The district court concluded that the board’s ruling that Thomas was “administratively AWOL” was arbitrary and without basis in law, and unsupported by substantial evidence. The court held similarly *1420with respect to the board’s refusal to remove the record references to “deserter” and “DFRA” despite the board’s holding that these were a “nullity”.

Administrative AWOL

During the hearing before the district court, the magistrate inquired of the government about the statutory and regulatory authority for the designation “administrative AWOL”. Provided with none, the magistrate reported that:

Counsel for the Secretary, during hearings before the Magistrate, could not find any regulatory basis for an “administrative AWOL” nor articulate its origins in law. The Magistrate’s own research, with the aid of the library resources of the Tenth Circuit, has found only one case noting an “administrative” class of AWOL. However, that case was based on a 1953 Army Regulation which has no present day existing equivalent. [Emphasis in original.]

The government requested reconsideration, stating with that request that Army Regulation (AR) 630-10 authorized such a determination. Reconsideration was granted, with further argument.

AR 630-10 was described as containing guidance and procedures for Unit Commanders in “determining and reporting members who are AWOL or DFR”. (Its purpose is not, as the majority suggests, to protect the public treasury.) The district court observed that AR 630-10 does not define or use the term “administrative AWOL”, and the court described it as “seemingly, a status necessitated until more information is available.” The government has pointed to no error of law in this analysis.
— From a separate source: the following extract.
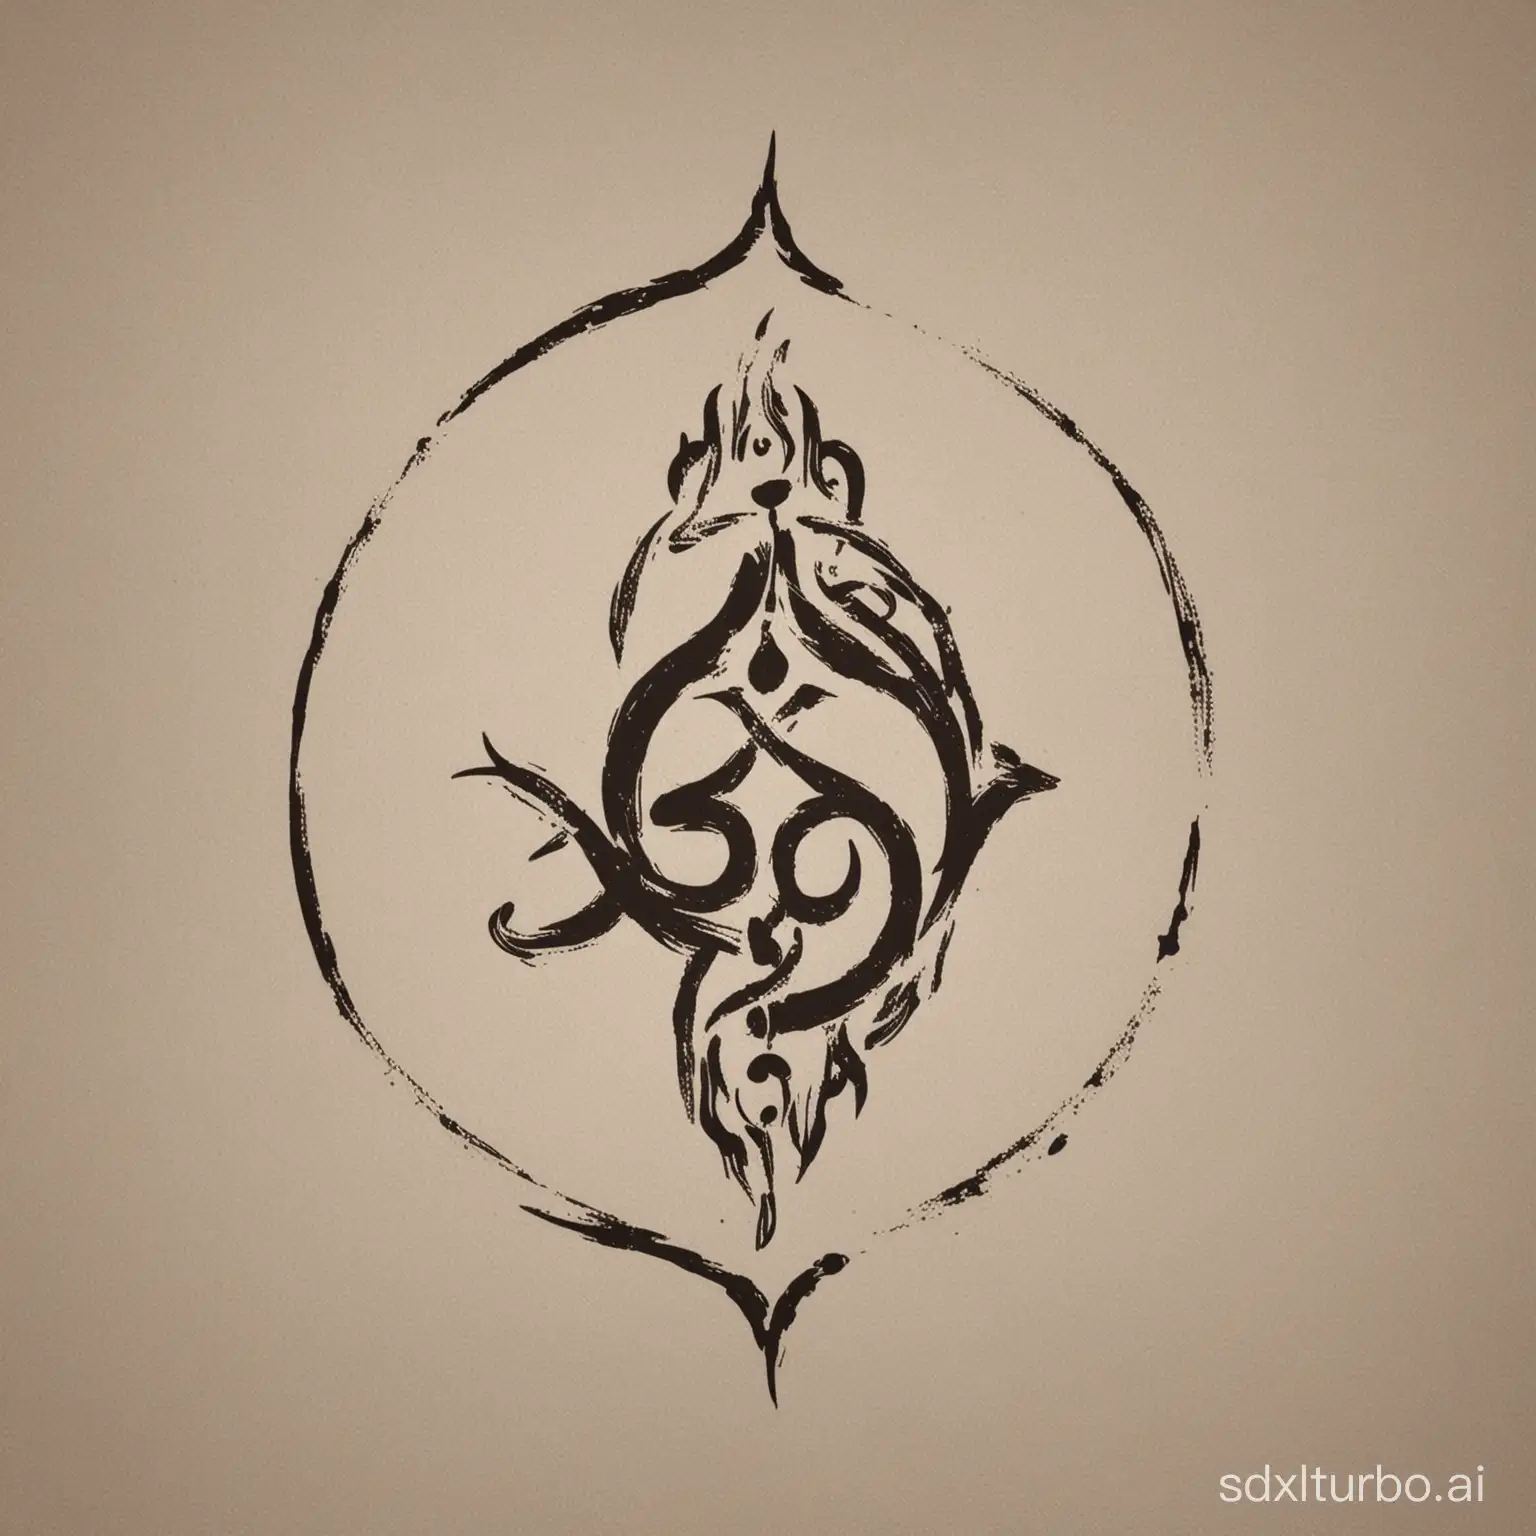 A minimalistic logo of shiva and shakti , principle of duality

The district court concluded that there was no statutory or regulatory authority for the Army to have declared Thomas “administratively” AWOL. The court also held that (1) the Army did not follow the provisions of AR 630-10; (2) Thomas was not afforded a hearing; and (3) in all events, Thomas was not AWOL because he was not absent from any post to which he had validly been assigned. The district court found that the Army itself recognized that Thomas was relieved at SWMSU. The district court held:

Upon the Army’s failure to either inform Major Thomas that he was to serve out his term at SMSU, or, to adjust (shorten) his active (AGR) time, it cannot now hold him to be “A.W.O.L.”, administratively or otherwise, during the period remaining after he properly declined reassignment.... He could not report back to SMSU because Col. Ondecker advised (“informed”) him he was relieved. He did not have to report to Fort Bragg, because it was an illegal order. He had no other place to go.
“Administrative AWOL” is not the determining factor in this case. No unit commander acted; indeed, no one knew who was Thomas’ commander. Rather, as discussed, the failure of the Army, at higher levels, to properly address Major Thomas’ situation is at the heart of this situation. Major Thomas thus fell into a “crack,” and it was incumbent on the Army to inform him of what his proper course of action should be, or, to shorten his active duty commitment to the point where he properly declined reassignment. These are conclusions which the Army itself reached in 1985. [Emphases in original]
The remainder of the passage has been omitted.